The I went out to solder the board. It uses the smallest available size for all components, which make soldering the resistors quite fun (some of them sit a little bit wild). I found out that 2 resistors are swapped with regard to the schematic (the are originally the same size, but for providing the LCD contrast I needed to bridge one of them so it mattered to me). Since my LCD has a quite unusual pin assignment (pin 1 is in the middle) it was attached to the back of the PCB. Therefore the button and some connectors are also located there.

Finished PCB

Since Markus provided multiple locations for the test connectors, I used one for attaching a socket, and the other one for the Jacks. maybe I will use the third one for attaching some fixed wires on the case.
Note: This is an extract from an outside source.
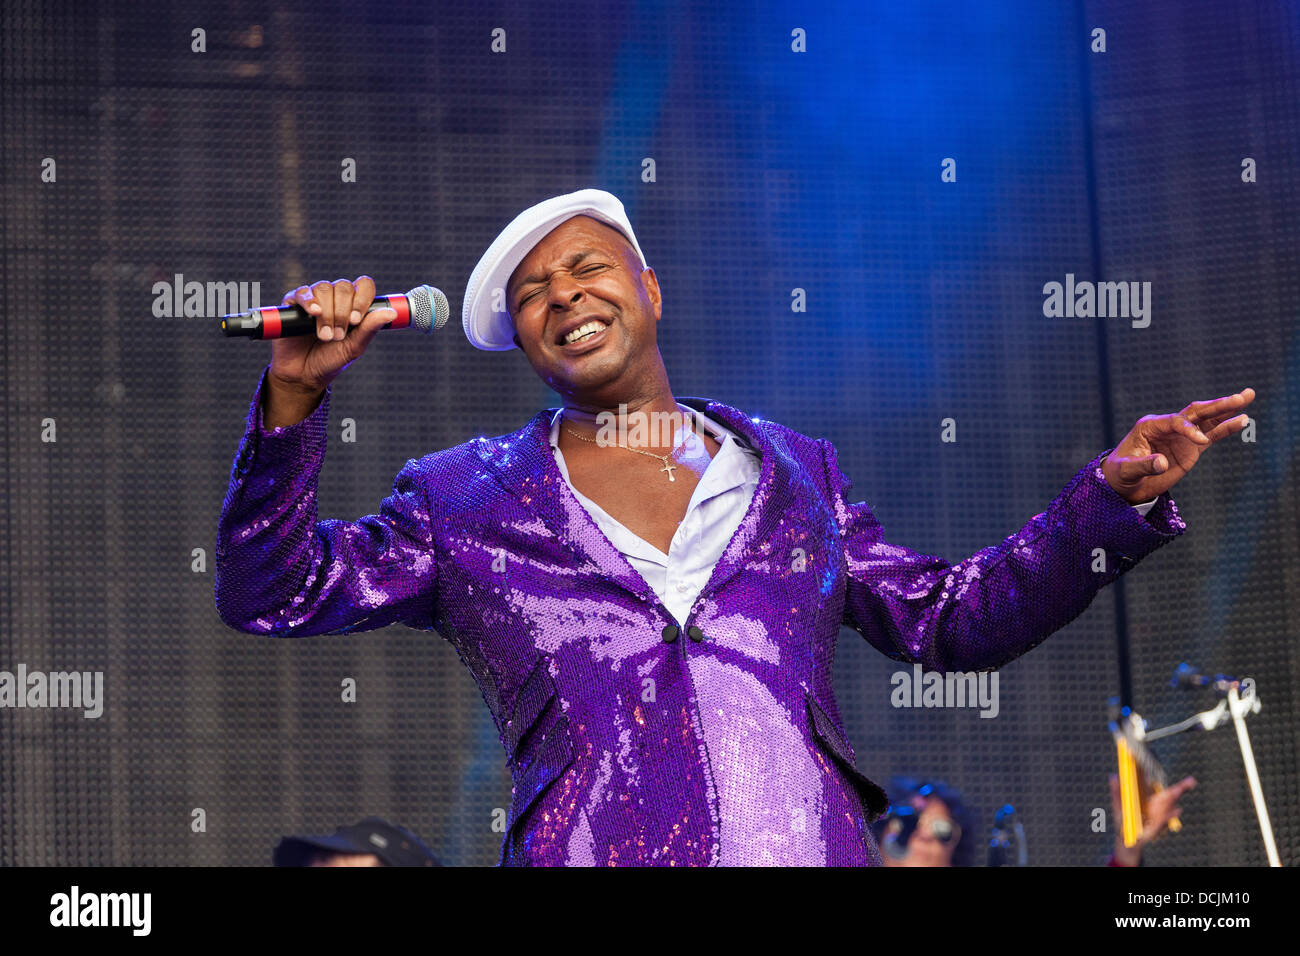 Remenham, Henley-on-Thames, Oxfordshire, UK. 18 August 2013. Singer LEE JOHN performs on-stage as part of the British soul and funk band IMAGINATION at the 2013 'REWIND - The 80s Festival' held 16-17-18 August 2013. Photograph © 2013 John Henshall/Alamy Live News. PER0371 Stock Photo
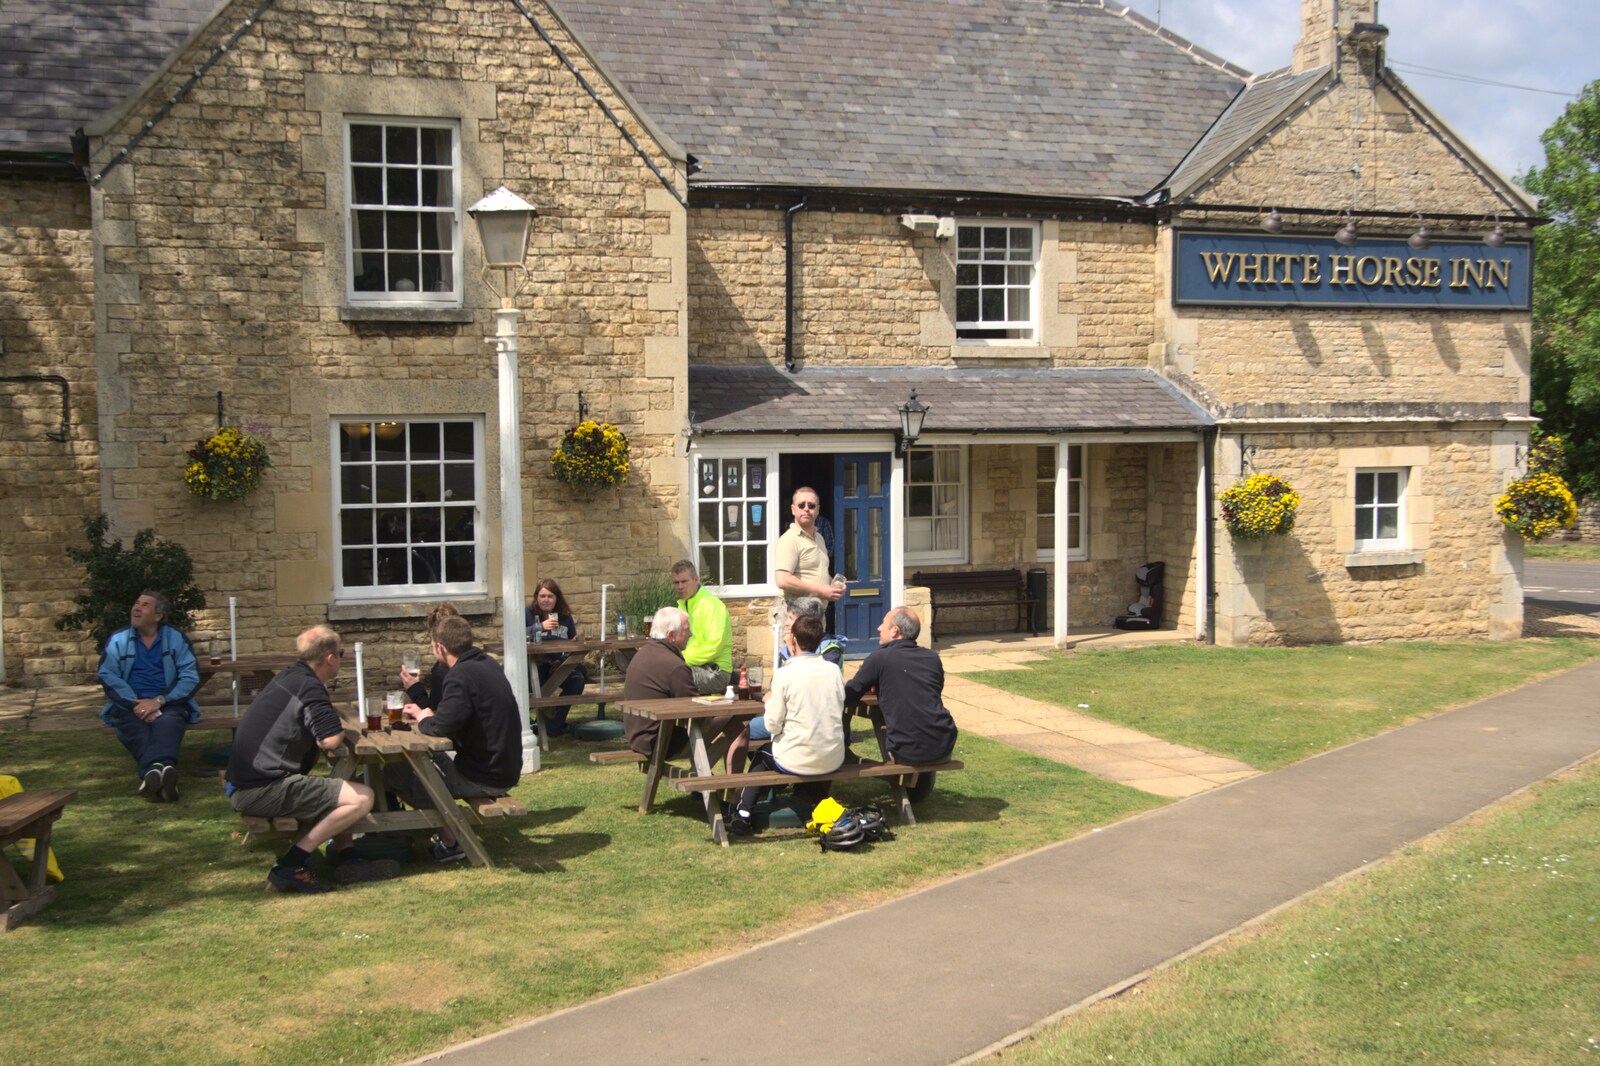 The BSCC in the White Horse beer garden from The BSCC Weekend at Rutland Water, Empingham, Rutland - 14th May 2011

For programming I used by Buspirate again (together with AVRDude), and put everything on a breadboard:

Programming

Programming went without hiccups. But when I then tested everything, it didn’t work. The display got somehow initialized, but ended up will all characters black. The tester also didn’t turn off, which it should. So some debugging was in order.

First the supply voltage - check. Next the test outputs - check (all are 0 volts). But strangely the analog voltage reference output was also 0 volts, which it shouldn’t.

Markus suspected that somehow the programming went wrong. So I re-downloaded the firmware from the project page again (before I used the firmware builder), programmed again - check. So somehow the first firmware I used was wrong.

So the last step was building it into a case. I did simply use a small box left used for some samples from Coilcraft

Open case

and just added a cutout for the LCD and holes for the connectors:

Final case

It’s not the prettiest one, but it works nicely.